En una ciudad donde a las diez de la mañana los termómetros marcan treinta y dos grados y las chicharras se desgañitan con sus cantos en alta fidelidad desde las primeras horas del día, el concepto realidad es a veces difícil de delimitar.
Sevilla es así de dual; sorprendente y cansina a la vez. Y los sevillanos viven sumergidos en una aparente apatía que no es sino una técnica de supervivencia en un entorno donde pasar de un polo al opuesto es cuestión de segundos. Sólo desde esa relativa calma de la no exasperación se puede sobrevivir a una ciudad tan cambiante, un ser mastodóntico y multiforme, que se transforma ante tus ojos con una rapidez meteórica y que siempre es capaz de atraparte el corazón con sus estrategias de engaño.

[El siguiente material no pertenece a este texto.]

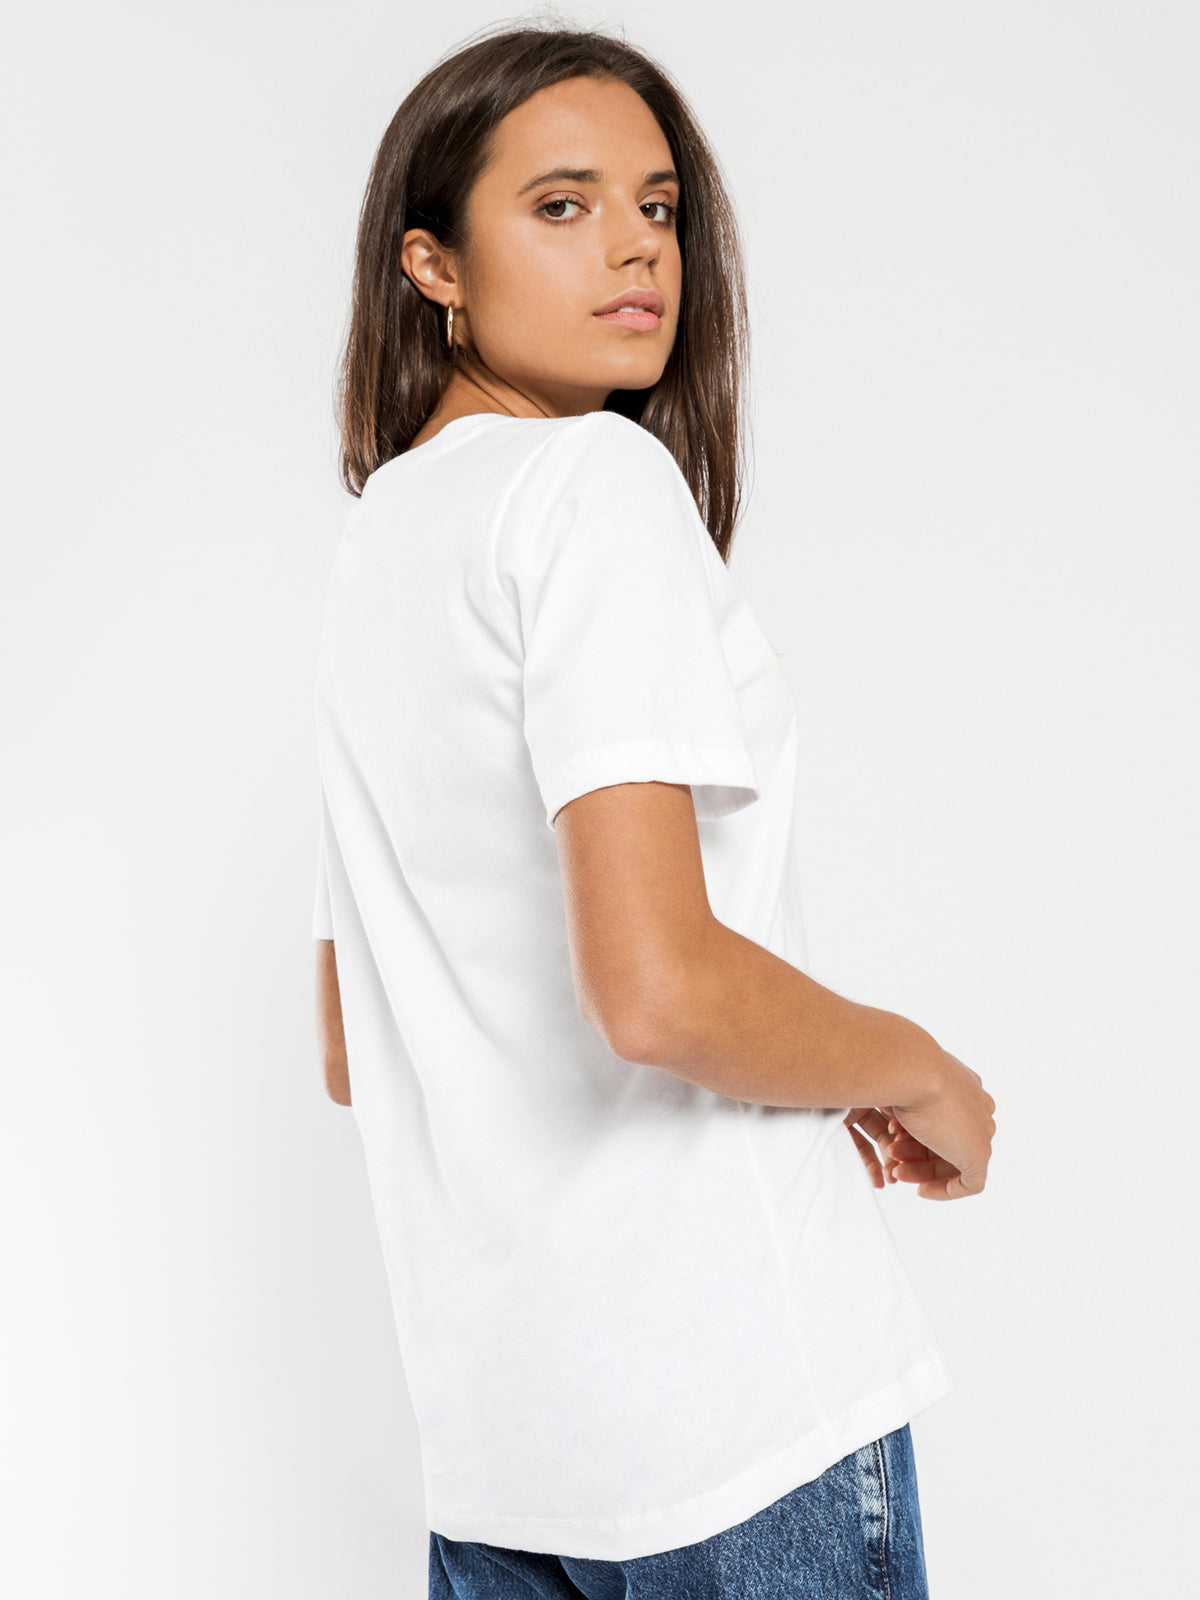 Neon Collegiate T-Shirt in Classic White

En Sevilla, la necesidad de reinventarse es un credo de obligada aplicación. Ya sea contraponiendo lo ultramoderno con lo que permanece inherente al estado de las cosas, aunque para ello haya que inventar la cuadratura del círculo, ya ideando lo inexistente para que su visión previa vaya impregnando la realidad múltiple que los sevillanos necesitan tener permanentemente ante sus ojos para que la ciudad alcance cierto grado de credibilidad.

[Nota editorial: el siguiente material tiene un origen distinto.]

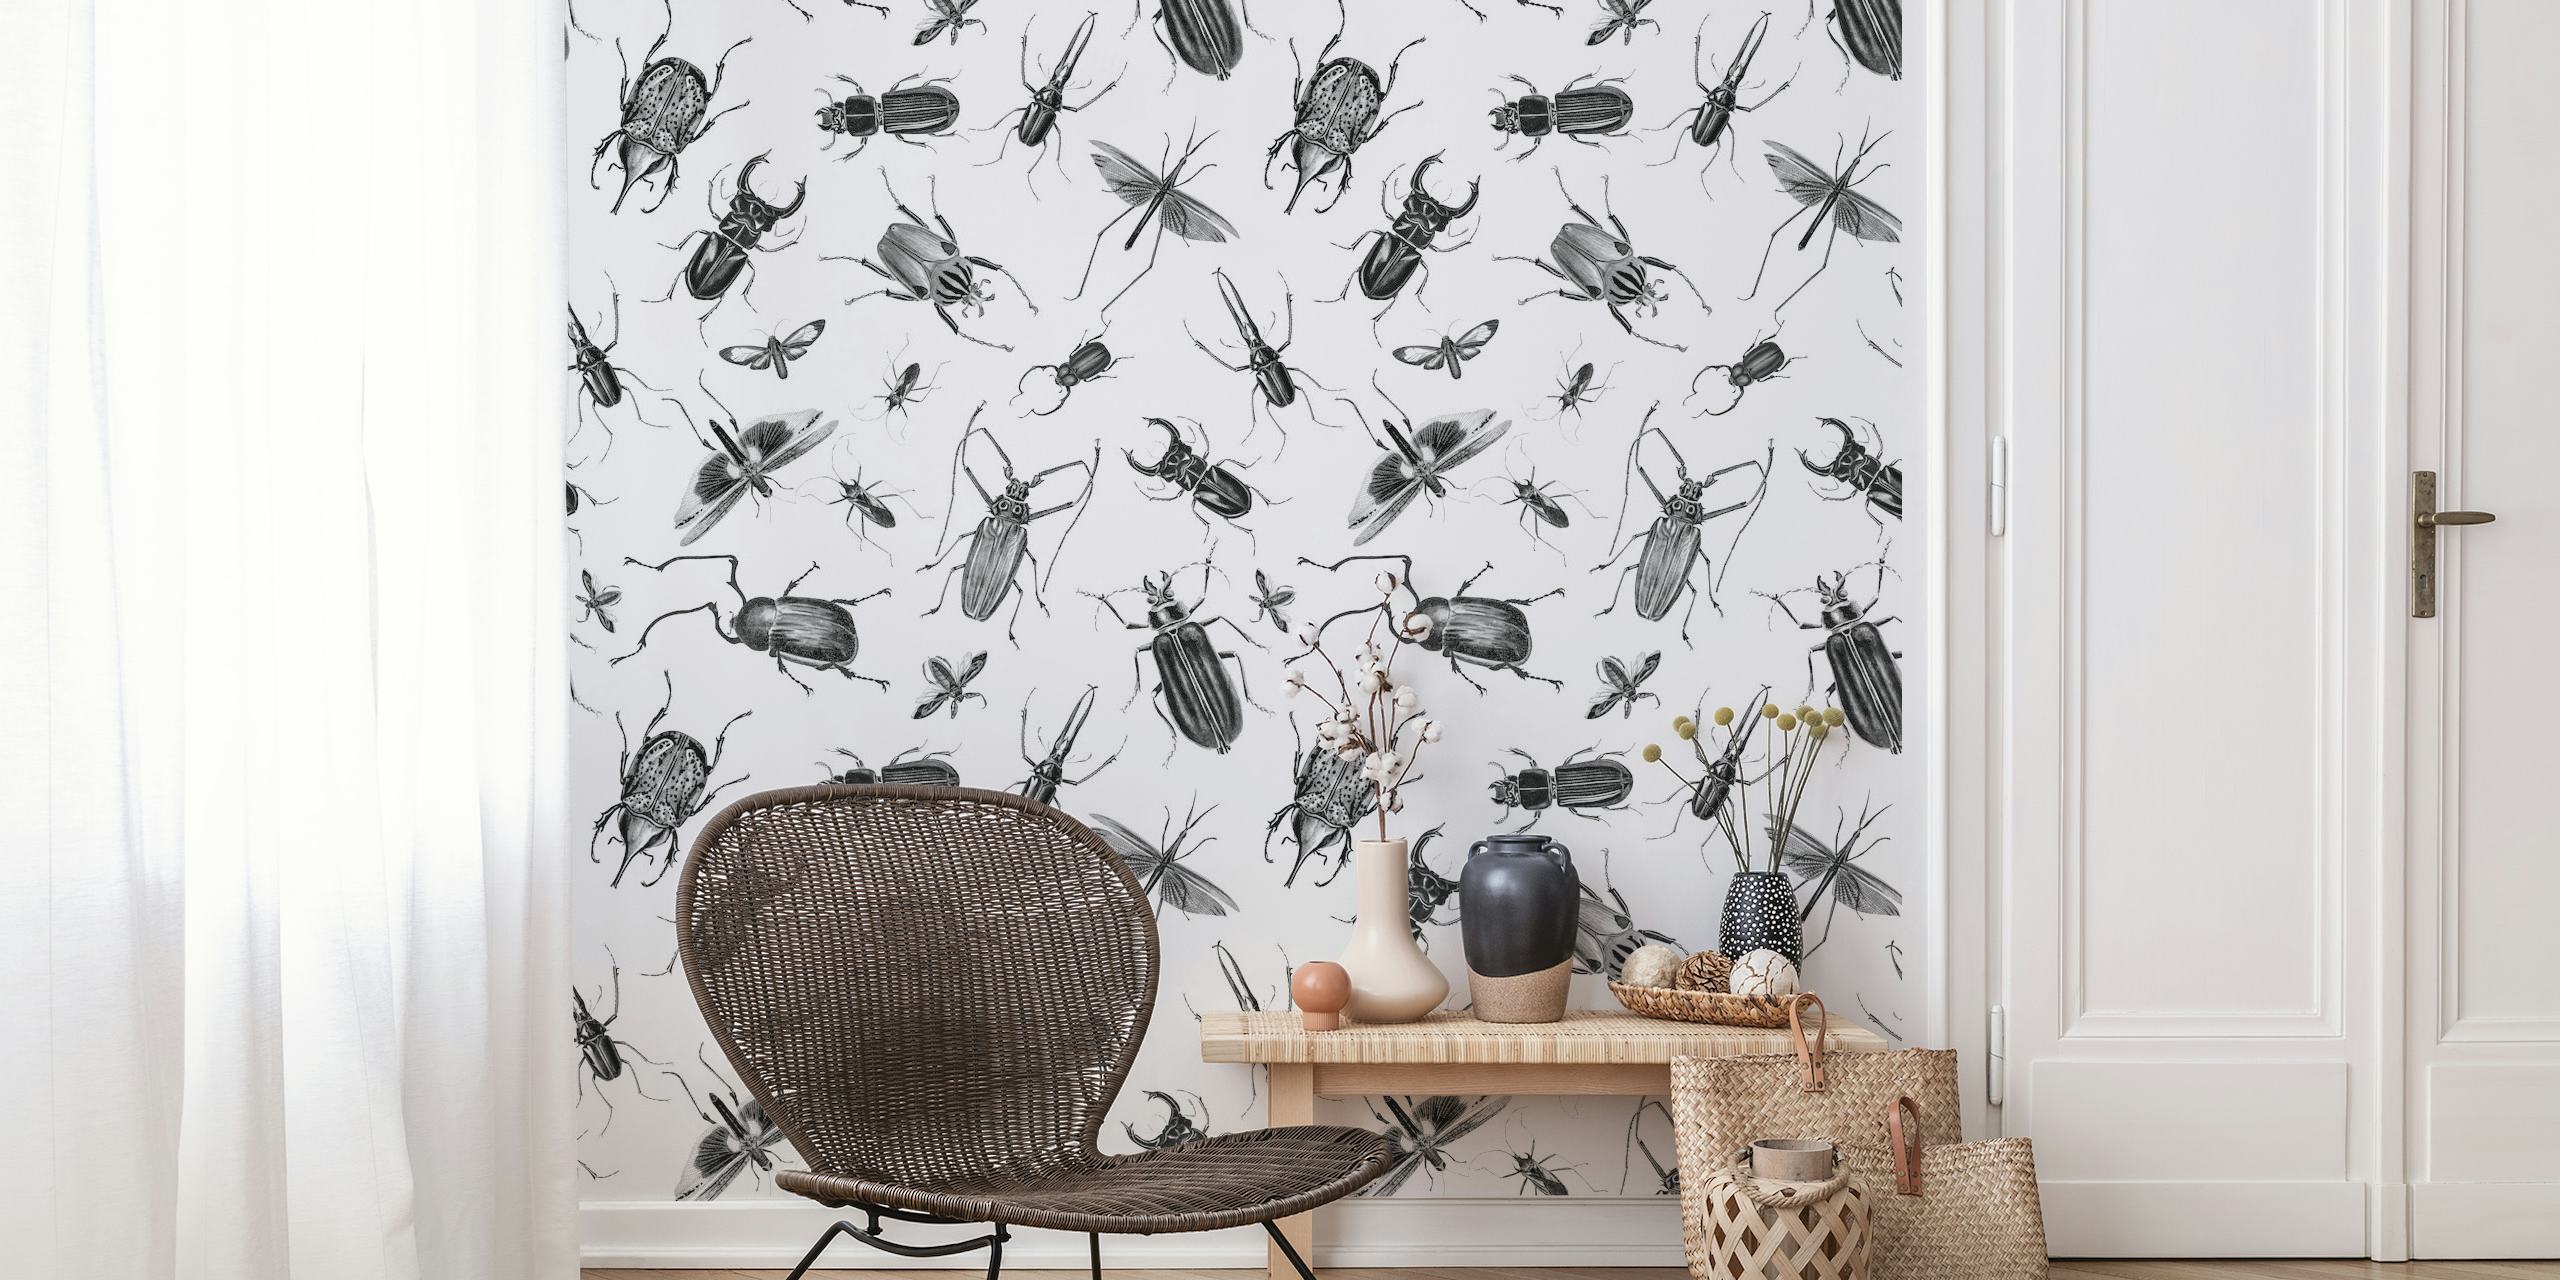 Vintage Beetles And Bugs papel de parede

Porque Sevilla es un juego permanente entre opuestos, que se regatean hasta el infinito en una filigrana estética con apariencia de danza tribal. Y es debate de lo imposible, que se eterniza creando ese humus necesario y fértil que propicie el estado típico del sevillano, rayano en el abandono, la dejadez, la desidia, la indiferencia, la indolencia, y la abulia, que es el único que permite soportar con cierta esperanza de éxito un clima que es el fiel reflejo en el espejo de la idiosincrasia de su ciudad.